Agreed. We can construct a true current source just as we can and do construct a true voltage source. We use feedback, and control the output for fixed current or voltage. I don't know if you're implying that current sources are "constructed", but I think it's worth mentioning that Mother Nature offers 2 devices that are natural sources, not "constructed". An inductor is a true current source, and a capacitor is a true voltage source. Of course they give up their energy eventually but their behavior is such. Likewise a photodiode terminated in a very low Z exhibits true current source behavior, while a PD in a high Z exhibits voltage source behavior.

Anyway, your point as well as that of Mr. Al is well taken. I hope I didn't come across as being too preachy, but I guess I felt that it should be emphasized that power is important. Nowadays driving LEDs is quite common. A large voltage source and large resistance is viable, the LEDs would not care, but efficiency does deserve some due consideration. Thanks to all.

 

[MrAl]

Hi Claude,

Well it was good that you brought it up though, in case the OP didnt realize the big difference when we look at the practical side.

Just for the fun of it, here's a little theory for the approximate current source....

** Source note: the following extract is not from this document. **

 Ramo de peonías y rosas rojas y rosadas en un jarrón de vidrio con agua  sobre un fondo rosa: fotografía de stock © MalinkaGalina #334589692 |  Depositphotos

To be exact, we have two different circuits and we want to see how different or similar they are. One is the true current source powering the RC LP filter, and the other is a high voltage source with a large resistance in series with it and that is what powers the LP filter. We are looking at the output of the filter, across the cap.
The LP filter is made up of R1 and C.

The response with the current source I is:
[LATEX]\[\frac{{I}^{2}}{{w}^{2}\,{C}^{2}}\][/LATEX]

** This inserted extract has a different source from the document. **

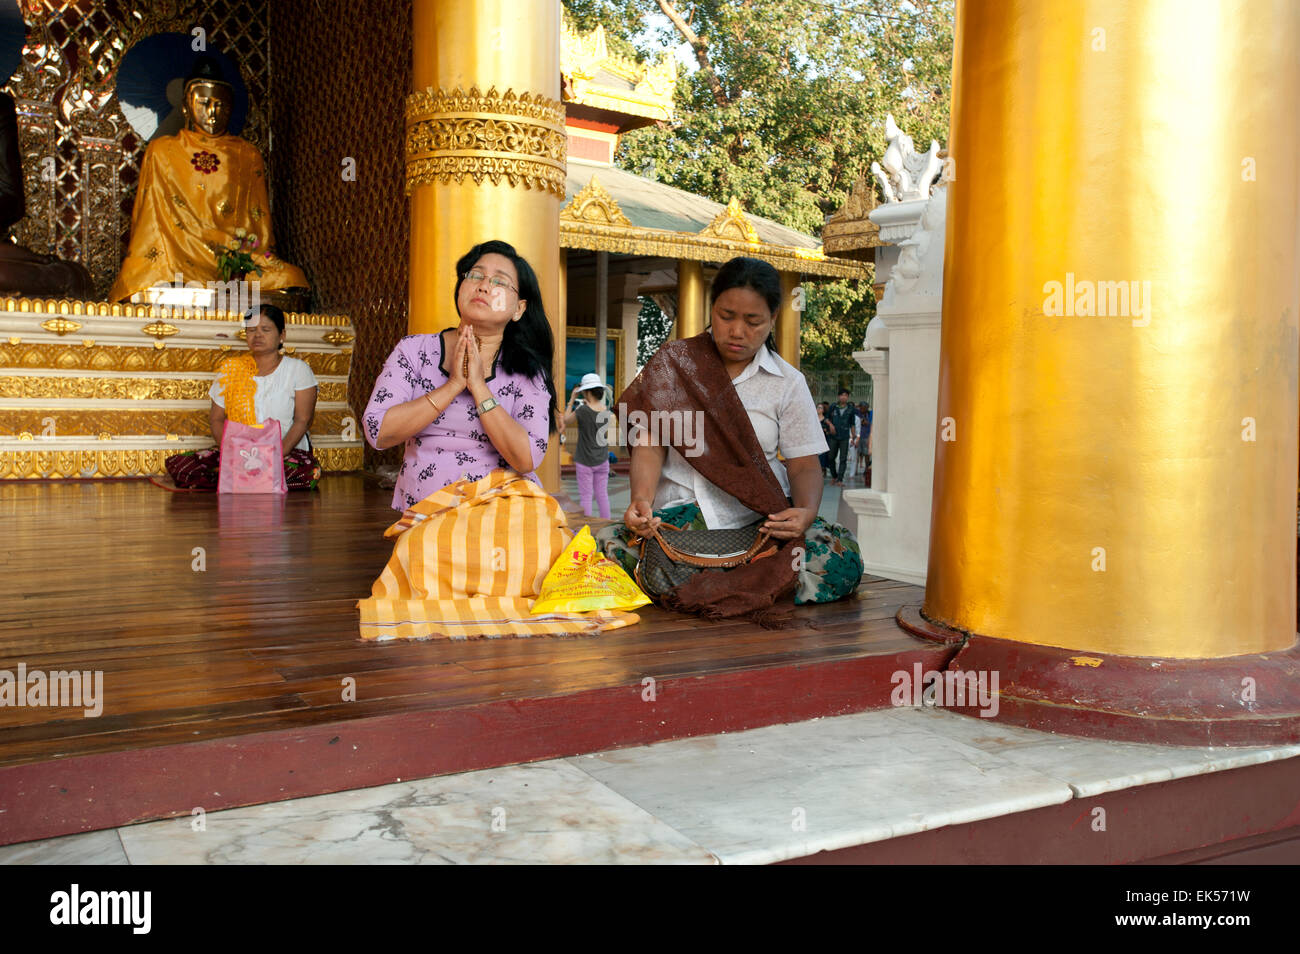 Worshipers sit praying on a platform at the Shwedagon pagoda in Yangon Myanmar Stock Photo

and the response with the voltage source V1 and large series resistance Rs is:
[LATEX]\[\frac{{V1}^{2}}{{w}^{2}\,{C}^{2}\,{Rs}^{2}+2\,{w}^{2}\,{C}^{2}\,R1\,Rs+{w}^{2}\,{C}^{2}\,{R1}^{2}+1}\][/LATEX]

equating the two we have:
[LATEX]
\[\frac{{I}^{2}}{{w}^{2}\,{C}^{2}}=\frac{{V1}^{2}}{{w}^{2}\,{C}^{2}\,{R1}^{2}+2\,Rs\,{w}^{2}\,{C}^{2}\,R1+{Rs}^{2}\,{w}^{2}\,{C}^{2}+1}\]
[/LATEX]

and from this we can see that if we divide the top and bottom of the right hand side by Rs^2 we can immediately equate the squared current source on the left with V1^2/Rs^2, so we have:
[LATEX]\[{I}^{2}=\frac{{V1}^{2}}{{Rs}^{2}}\][/LATEX]

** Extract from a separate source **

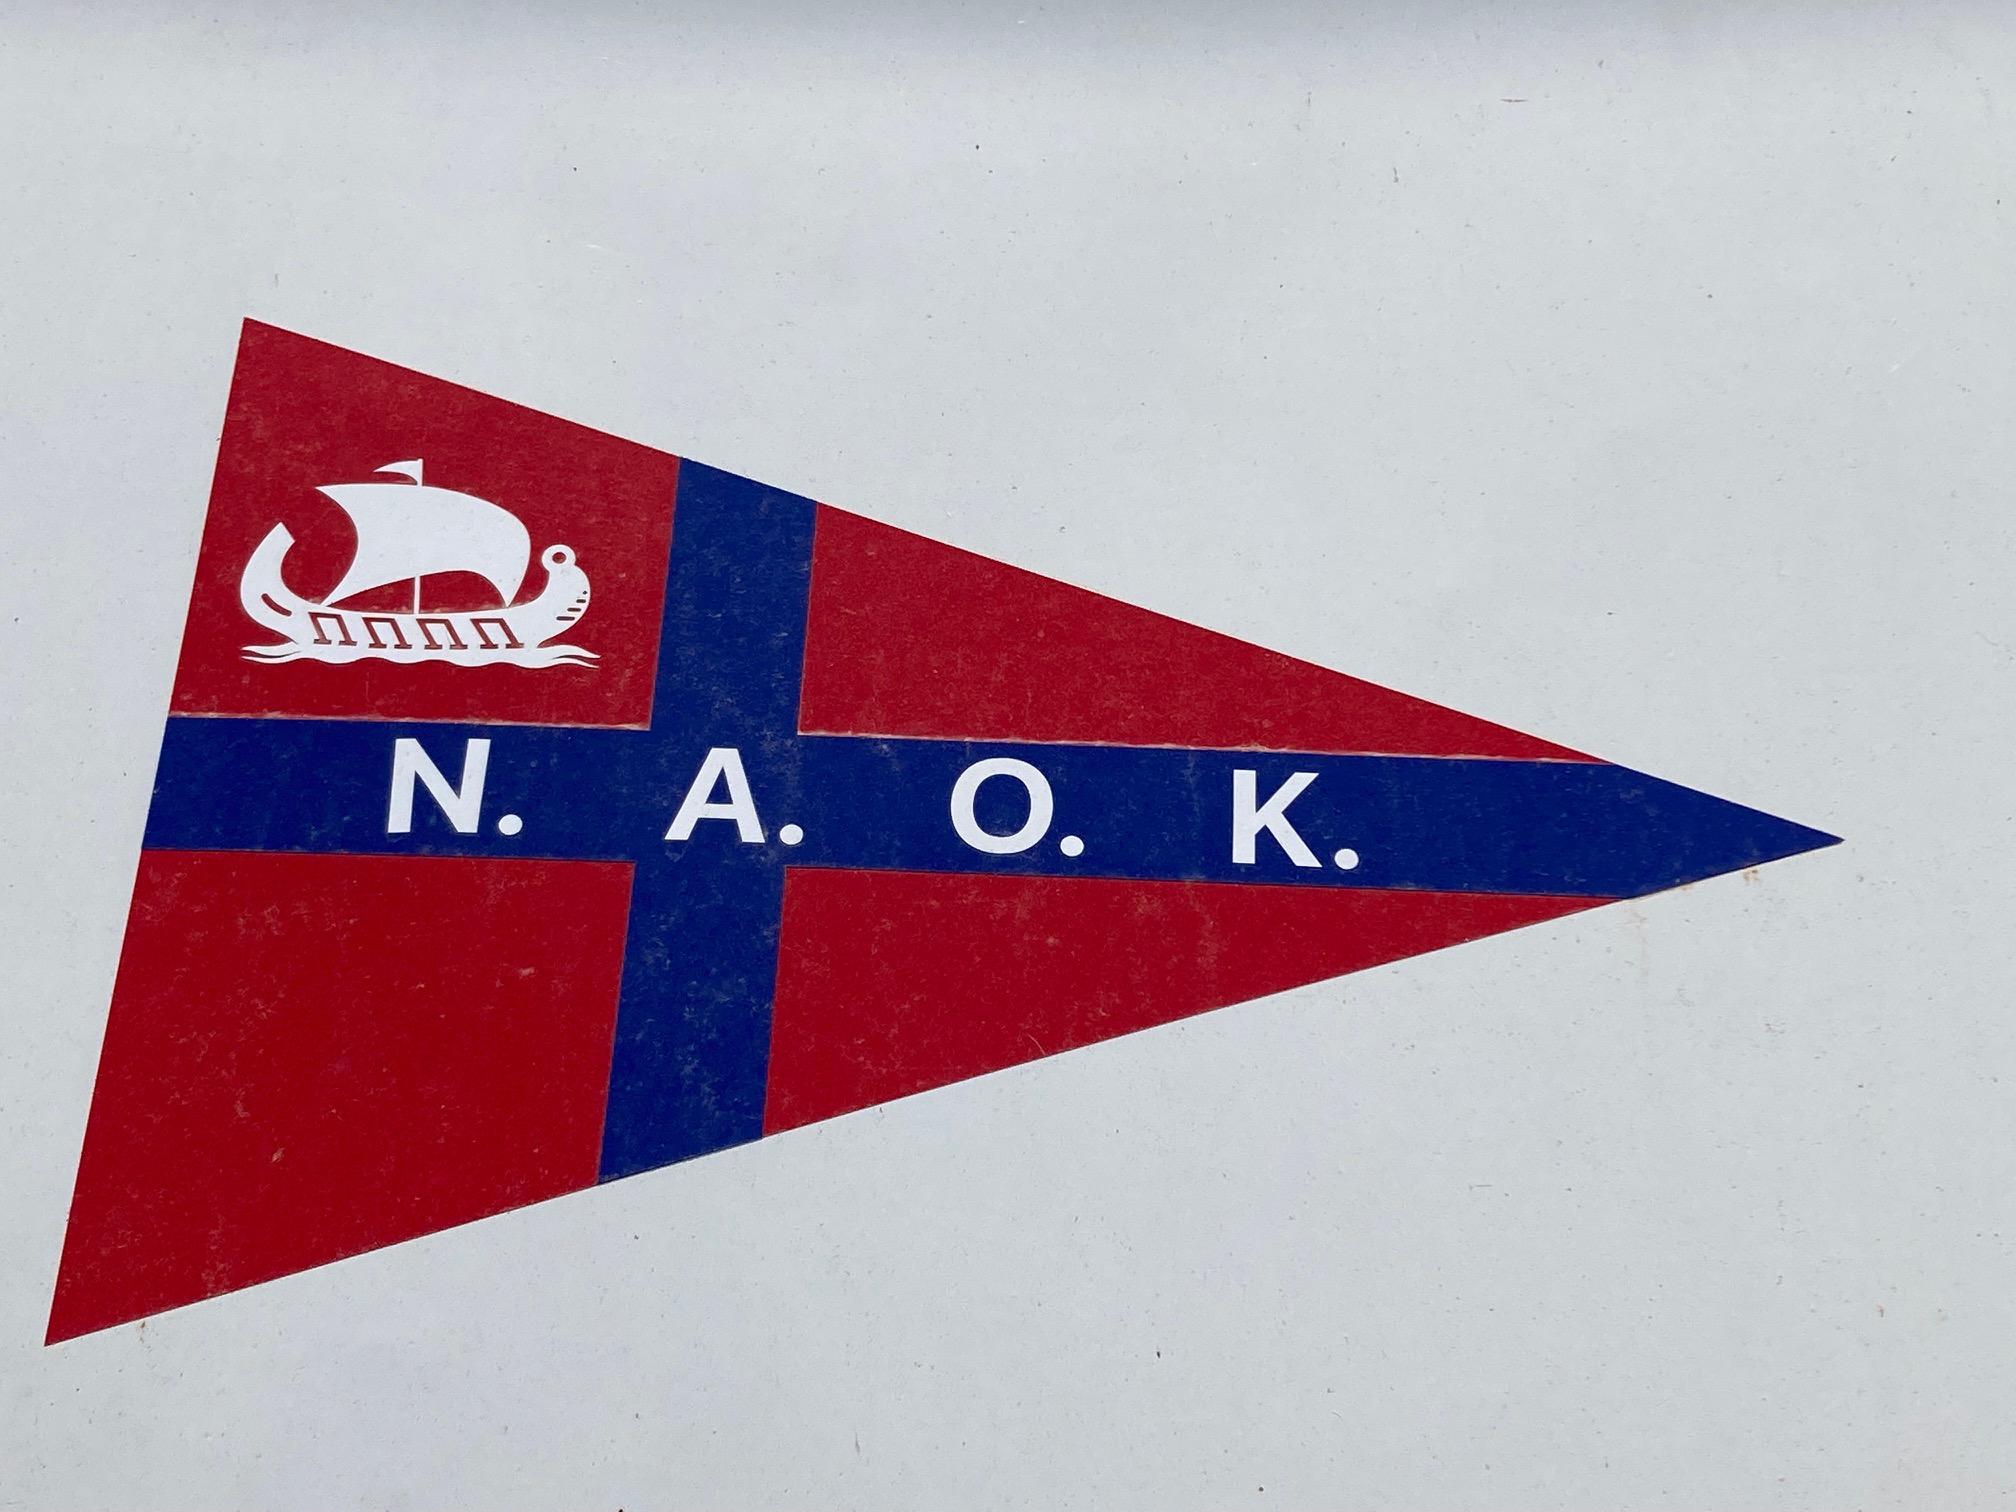 N.A.O.K. Nautical Club Corfu burgee

so the equivalent current source is:
[LATEX]\[{I}=\frac{{V1}}{{Rs}}\][/LATEX]

and that leaves us to equate the two denominators:
[LATEX]w^2*C^2=(w^2*C^2*R1^2)/Rs^2+(2*w^2*C^2*R1)/Rs+w^2*C^2+1/Rs^2[/LATEX]

Now if we keep R1 small in comparison to Rs by making R1=Rs/A where A is a large number, we get:
[LATEX]\[{w}^{2}\,{C}^{2}=\frac{2\,{w}^{2}\,{C}^{2}}{A}+\frac{{w}^{2}\,{C}^{2}}{{A}^{2}}+{w}^{2}\,{C}^{2}+\frac{1}{{Rs}^{2}}\][/LATEX]

And here we see that if we make A large (as planned) the first two terms get very small and we are left with:
[LATEX]w^2*C^2=w^2*C^2+1/Rs^2[/LATEX]

and when we see Rs large that term gets very small too so we end up with:
[LATEX]w^2*C^2=w^2*C^2[/LATEX]

So when Rs is large compared to R1 we get an approximate equality. As mentioned before, the voltage has to be large too.

 

[Winterstone]

An inductor is a true current source, and a capacitor is a true voltage source.

Perhaps a cause of misunderstanding: What is the definition of a "true" source in comparison to an "ideal" source?


Likewise a photodiode terminated in a very low Z exhibits true current source behavior

This example could reveal the difference between "true" and "ideal". The properties of an ideal source must not depend on load conditions, do they?